Glen Kolkmeyer served as a Republican member of the Missouri House of Representatives from 2013 to 2021. He represented Lafayette County and parts of Jackson and Johnson counties (District 53). He was re-elected to his third two-year term in November 2016. Representative Kolkmeyer served as the majority caucus chair in the Missouri House of Representatives. He also serves on the following committees: Administration and Accounts, Ethics, Transportation, and the Joint Committee on Transportation Oversight.

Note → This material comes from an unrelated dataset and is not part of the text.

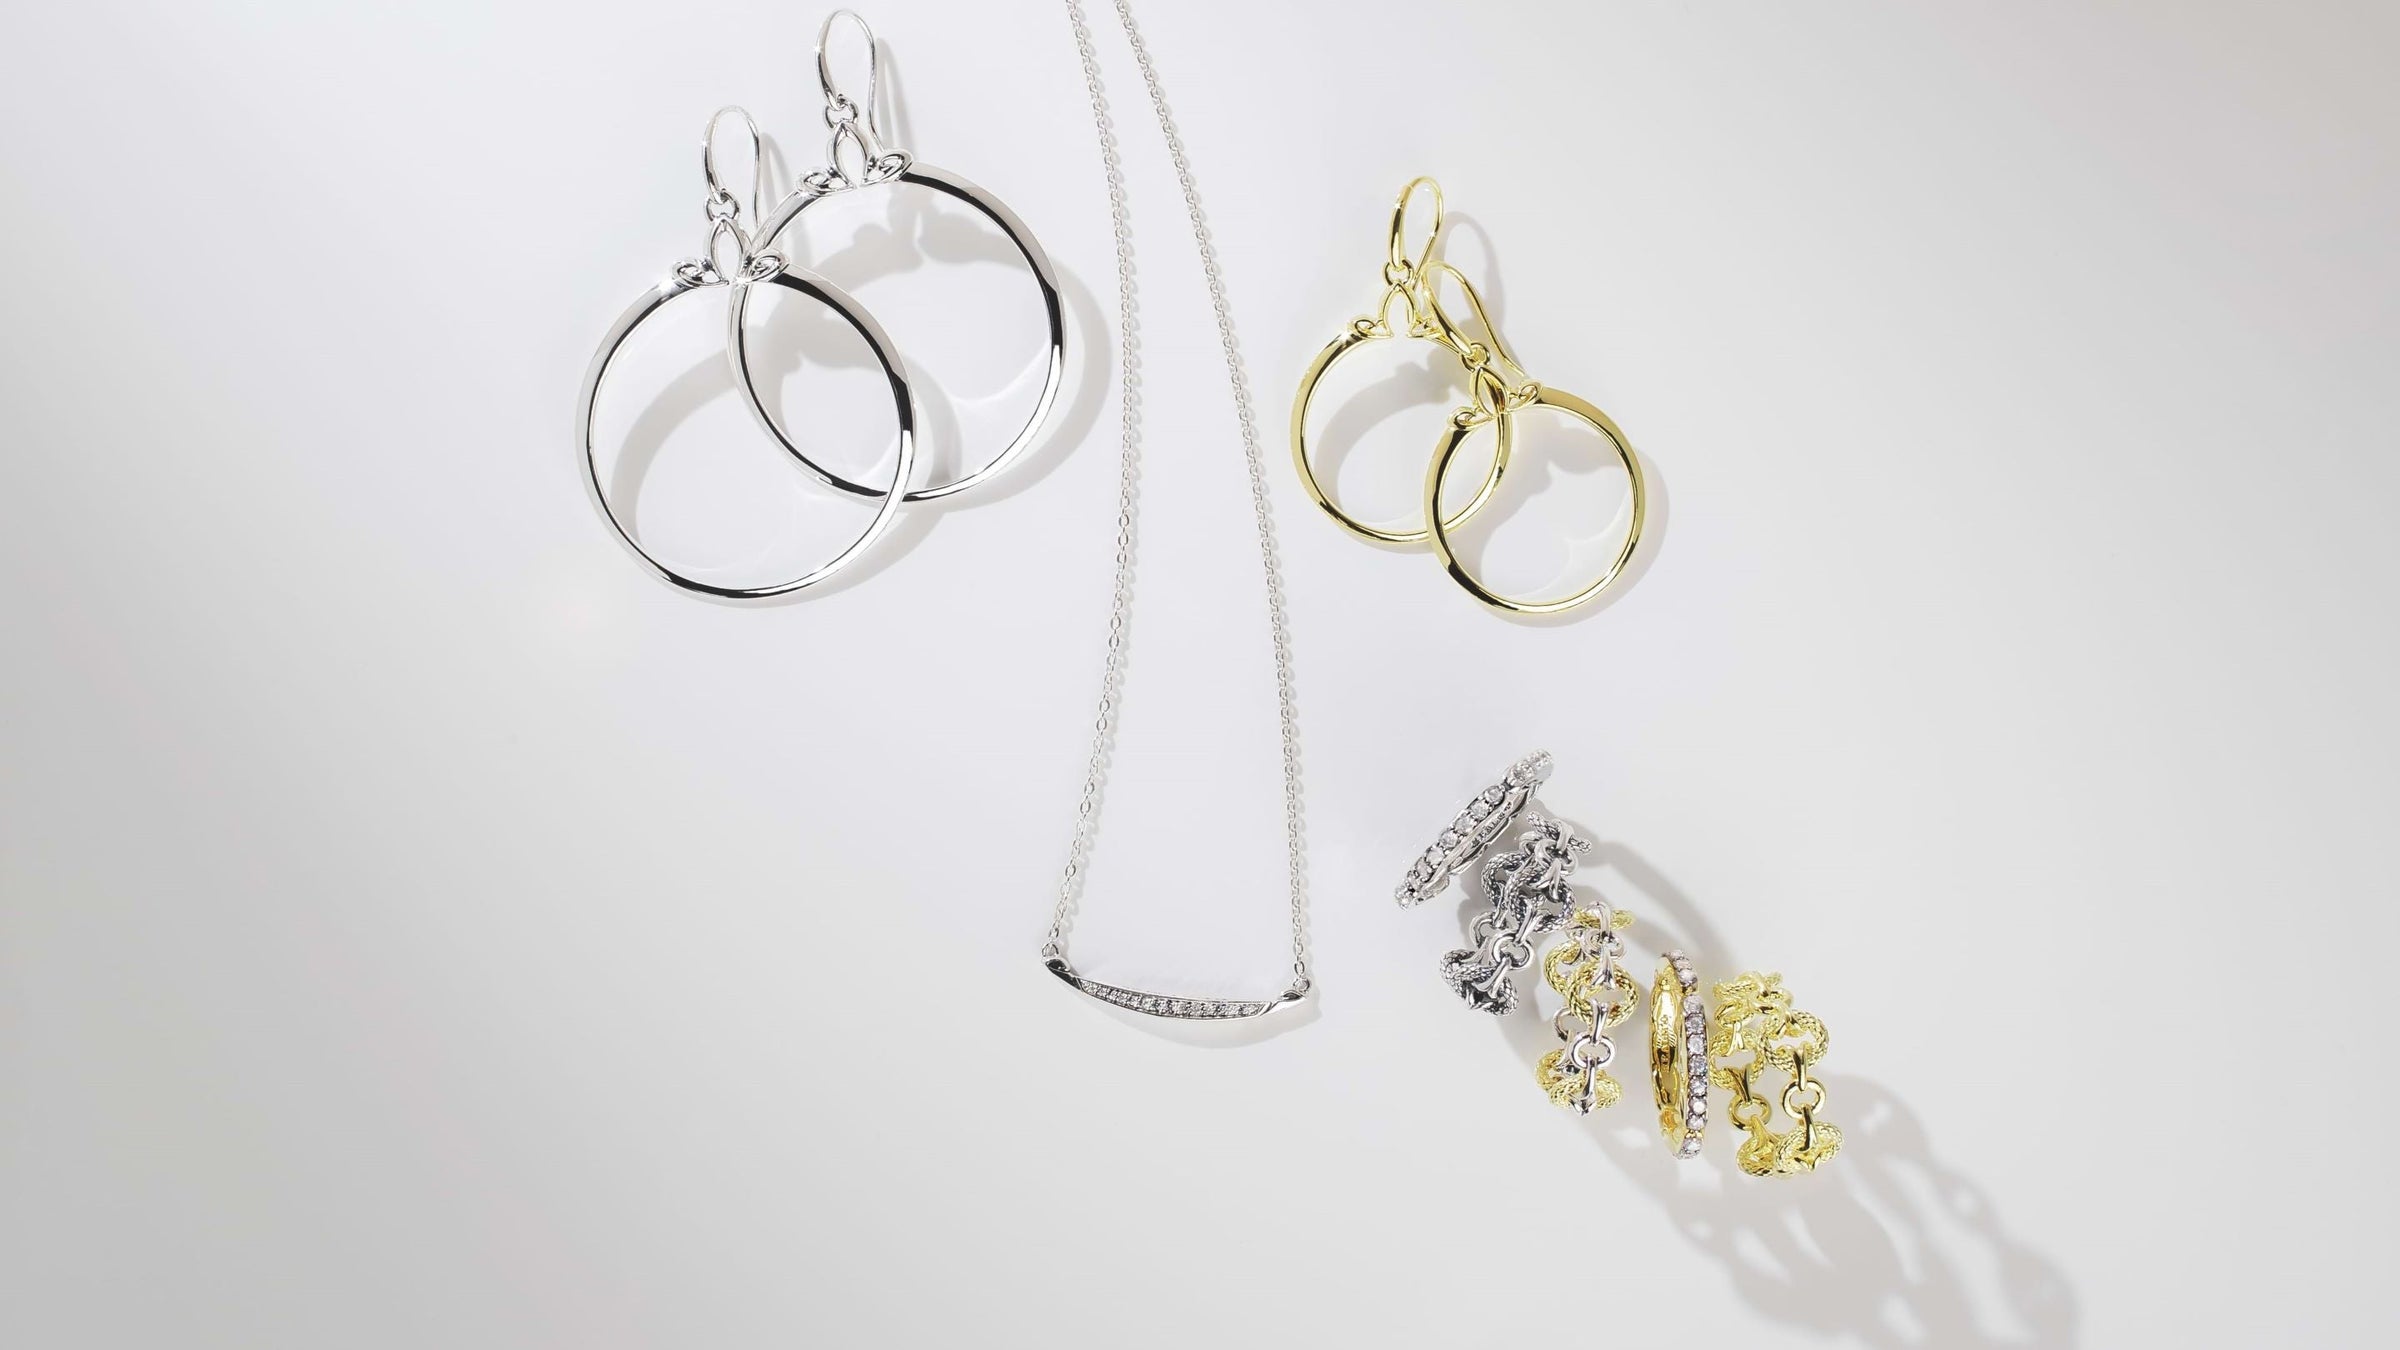 Array of silver and gold jewelry from REALM under $250

In addition to his legislative duties from 2013 to 2021, Kolkmeyer is owner and CEO of Energy Transport Solutions, Inc. in Bates City, Missouri. The family owned and operated company hauls gasoline, diesel, propane and anhydrous ammonia. Glen's parents, Omer and Dorothy started in the propane business in 1955. Glen's Wife, Lisa, serves as the office manager, and the third generation: their son, Eric is the general manager, and their daughter Emily is the billing clerk.

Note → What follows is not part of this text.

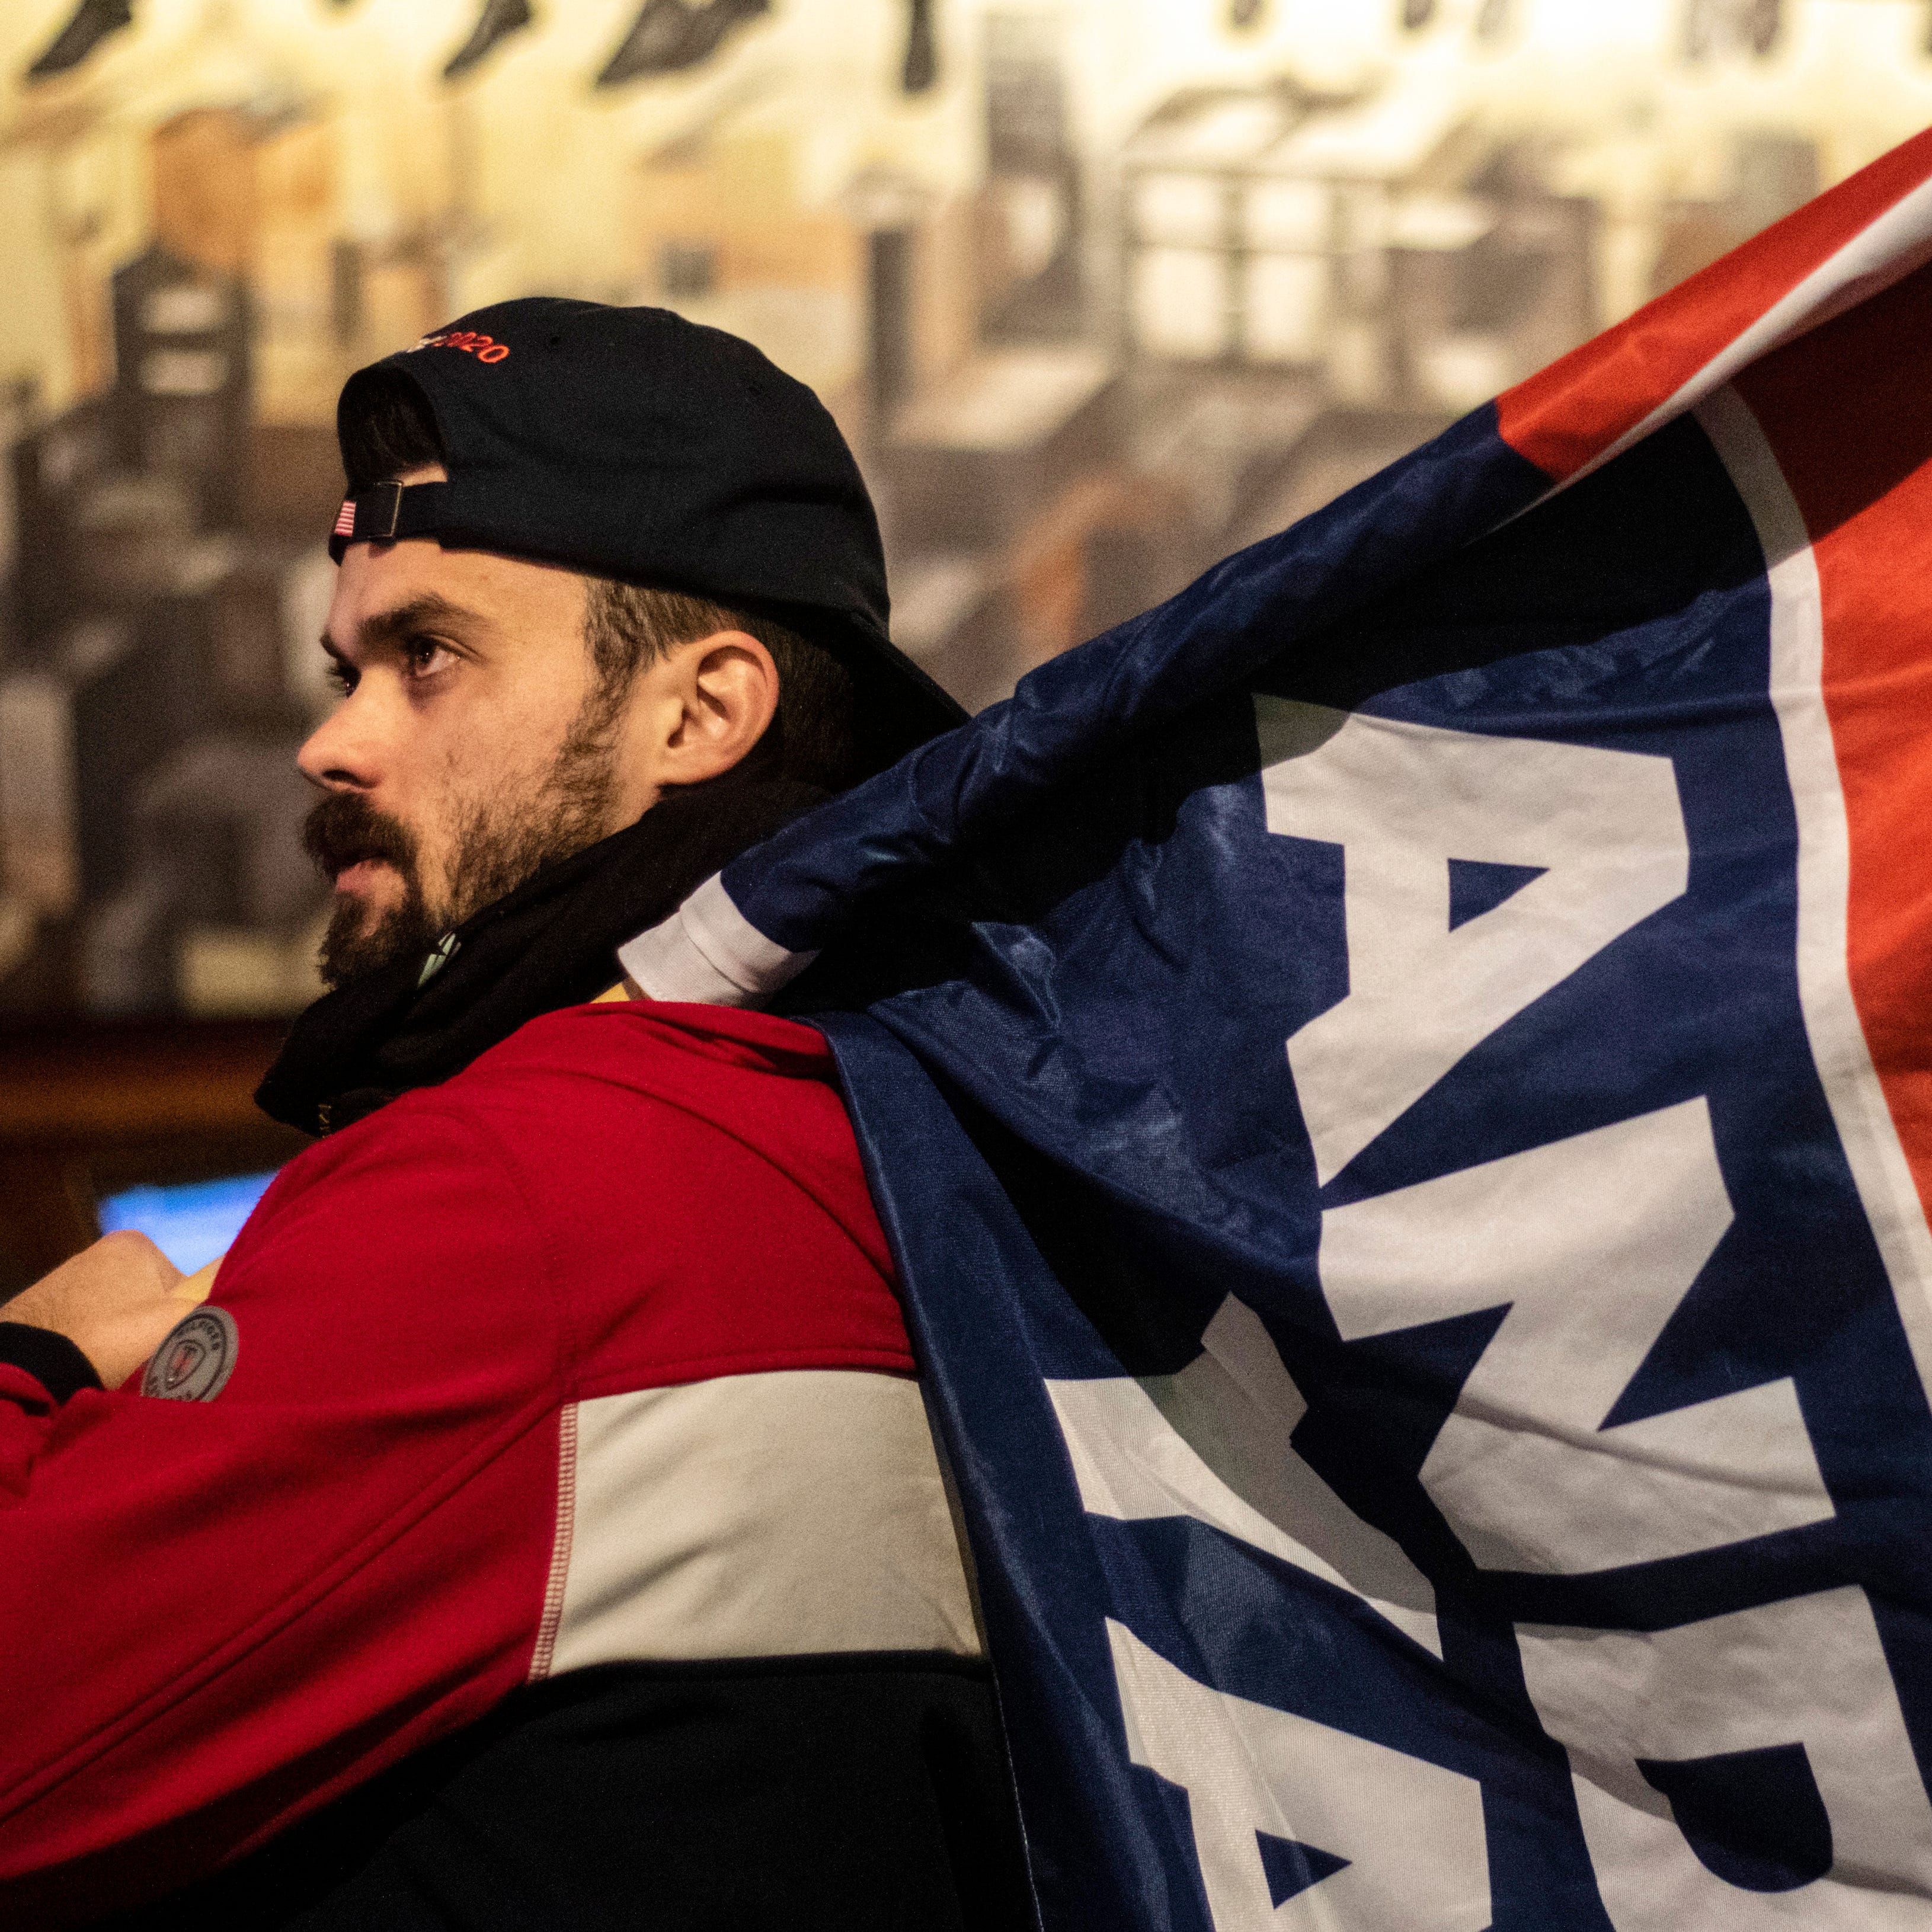 Tully Baker, of New Hampshire, carries a flag in support of Democratic presidential candidate Andrew Yang during a watch party for the CNN/Des Moines Register Democratic Presidential Debate, Tuesday, Jan. 14, 2020, at Papa Keno's Pizzeria in Des Moines, Iowa.

Representative Kolkmeyer also served 20 years as fire chief of the Wellington-Napoleon Fire Protection District and served 39 years on the Fire Service.

Representative Kolkmeyer was a former president of Missouri Propane Gas (safety) Commission, Missouri Propane Gas Association and Lafayette County Firefighters Association. He is also the current president of the Lafayette County Law Enforcement Restitution Fund, a member of National Rifle Association, a past board member of the Wellington-Napoleon Protection District and the Lafayette County 9-1-1 Board. Representative Kolkmeyer attends Calvary Baptist Church in Odessa.

Born in Kansas City, Missouri, Kolkmeyer currently resides in rural Wellington with his wife, Lisa. They have a son, Eric, and daughter, Emily, and five grandchildren.